RHIZOMELIC CHONDRODYSPLASIA PUNCTATA SPECTRUM (RCPD)

Patients with classic RCDP (see Table 176-1) have severe skeletal involvement at birth that distinguishes them from those in the Zellweger spectrum (Fig. 162-2). There is rhizomelia (shortening of the proximal limbs) and limited range of movement of the large joints of the extremities. Radiological examination shows extensive calcific stippling that involves the epiphyses of long bones; it is most prominent in the knees, elbows, hips, and shoulders. Coronal clefts of the vertebral bodies are apparent on lateral spine films. RCDP patients also have a flat face with frontal bossing. Cataracts are common, and an ichthyotic skin rash may develop after birth. Severe psy-chomotor retardation is present, and most die before 2 years of age. In addition to this classic RCDP phenotype, mildly affected patients with little or no rhizomelia have been described; some have mild intellectual defects as their only manifestation. Classic RCDP is a PBD caused by mutations in PEX7, the gene encoding the receptor for PTS2 proteins. A few patients with the classic RCDP phenotype (< 10% of the total number of patients) have single-function defect in PTS2-targeted peroxisomal matrix enzymes necessary for normal synthesis of plasmalogen.


ImageBASIC DEFECTS

Over the last two decades, research in model organisms and PBD patients has identified a set of genes and their protein products, termed PEX genes and peroxins, respectively, that are necessary for peroxisome assembly.1,4 Most of these are involved in the targeting and uptake of matrix proteins into the organelle. All of the PBD complementation groups so far defined are explained by mutations in these PEX genes, one particular gene for each complementation group. The number of PEX genes is greater than the number of complementation groups, suggesting there are new groups to recognize. See Weller et al for a review of this topic.4


Peroxisome matrix proteins are synthesized on free cytosolic ribosomes and directed to the organelle by targeting sequences of two types (Fig. 162-3). Peroxisome-targeting signal 1 (PTS1), a C-terminal tripeptide (-SKL or conservative variants thereof), is utilized by more than 90% of the matrix proteins. PTS2, located 5 to 10 residues from the N-terminus, is utilized by a few peroxi-somal matrix proteins, including one involved in β-oxidation (peroxisomal thiolase 1), one involved in α-oxidation, and one involved in plasmalogen synthesis. The PTS1 or PTS2 motifs are bound by specific cytosolic receptors encoded by PEX5 and PEX7, respectively. Docking of the receptor and its bound cargo on the peroxisome membrane is mediated by binding to specific peroxisomal membrane proteins (PEX13, PEX14, PEX17). With the action of additional peroxisomal membrane proteins (PEX2, PEX8, PEX10, PEX12), the newly synthesized matrix proteins are translocated into the organelle, and the receptors are recycled to the cytosol. Recycling of PEX5 requires an unusual monoubiquitination on a conserved cysteine near the N-terminus of the protein.9 The recycling process is facilitated by the action of PEX1, PEX6, PEX22, PEX4, and PEX26. Genetic defects in this subset of PEX genes are responsible for nine PBD complementation groups that are characterized at the cellular level by mislocalization of matrix proteins to the cytosol.

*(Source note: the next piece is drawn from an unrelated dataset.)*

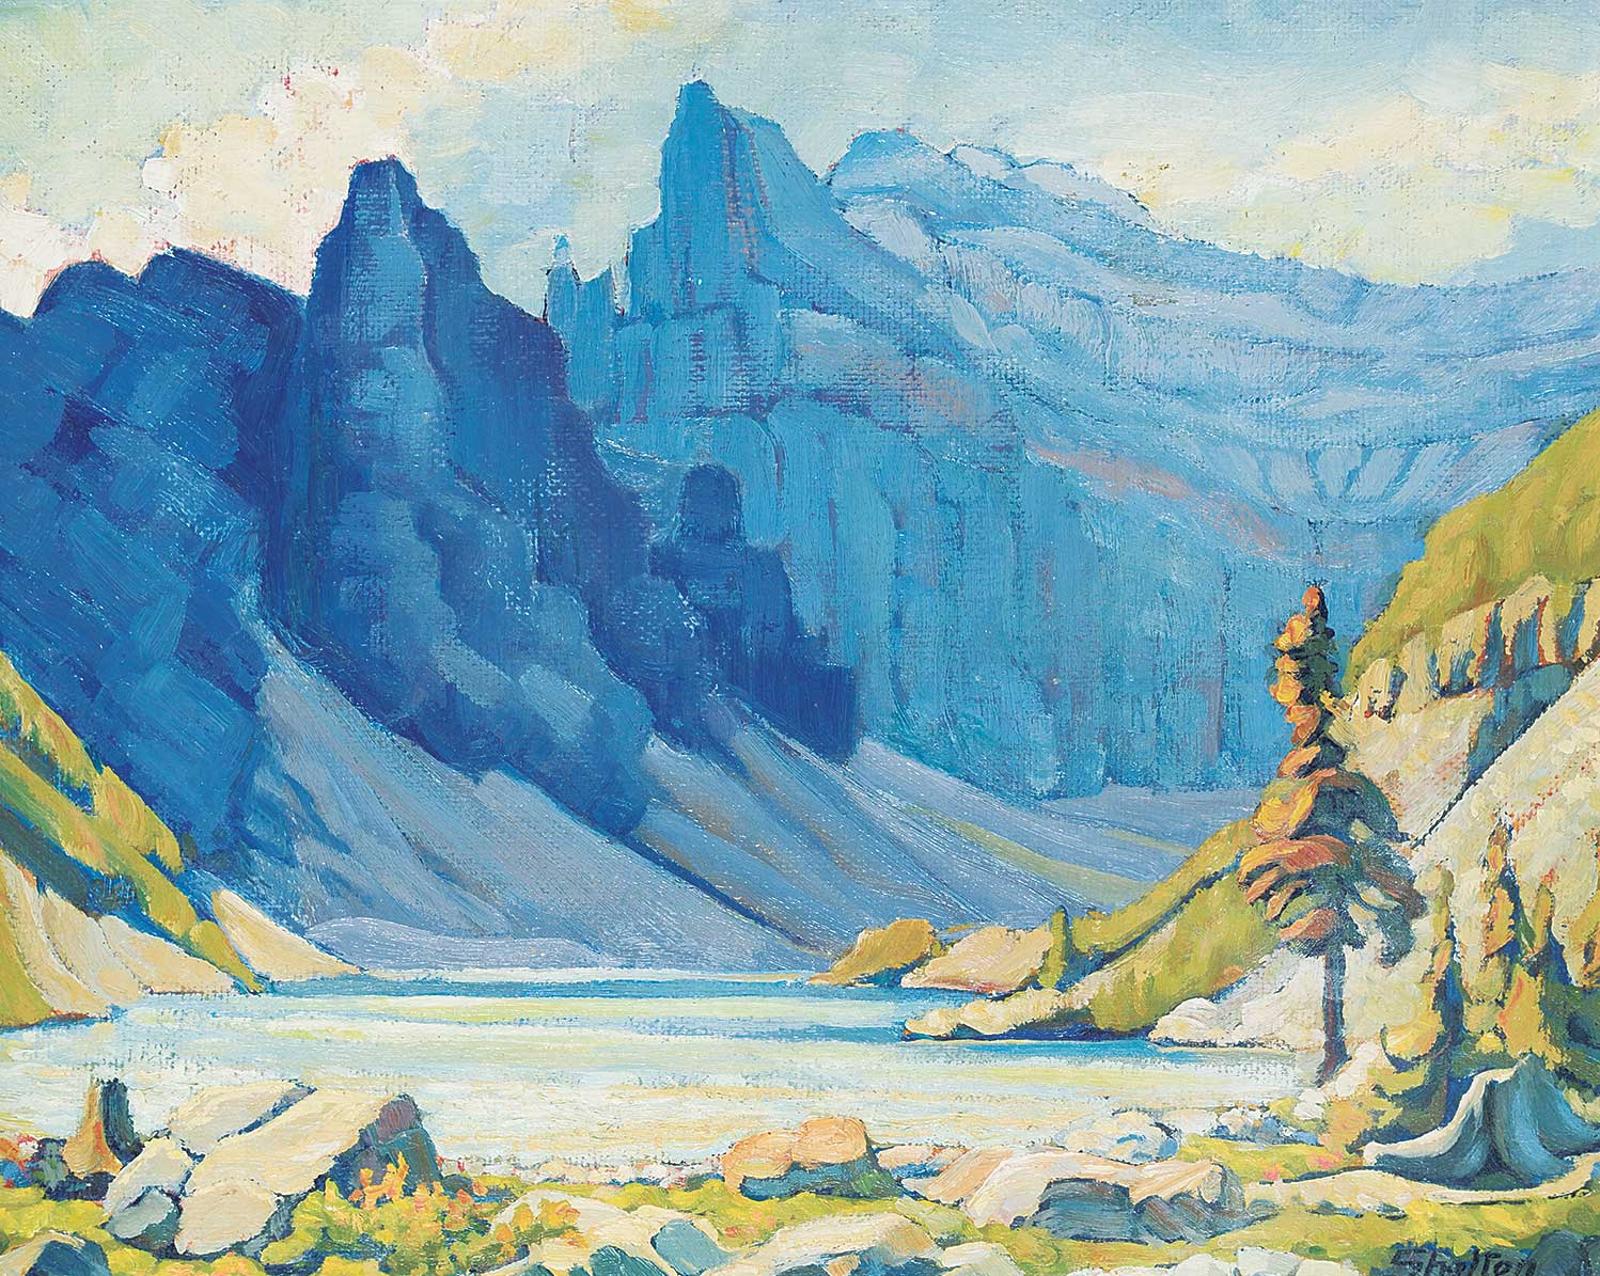 Margaret Dorothy Shelton (1915-1984) - Untitled - High in the Rockies

The mechanism and signals involved in targeting peroxisomal membrane proteins to the organelle are less well understood, although PEX genes encoding proteins that function in this process have been identified (PEX3, PEX16, PEX19).4 Not surprisingly, genetic defects in this subset of peroxins are responsible for the three PBD complementation groups characterized by lack of detectable peroxisomes.


Recently, an infant with metabolic features consistent with abnormal peroxisome and mi-tochondrial function has been described and represents a different type of PBD.10 In this patient’s cells, there was a defect of organellar fission of both peroxisomes and mitochondria caused by a dominant negative mutation in the dynamin-like protein 1 gene DLP1. This observation, together with studies in model systems, indicates that normal DLP1 function is required for the division of two different subcellular organelles.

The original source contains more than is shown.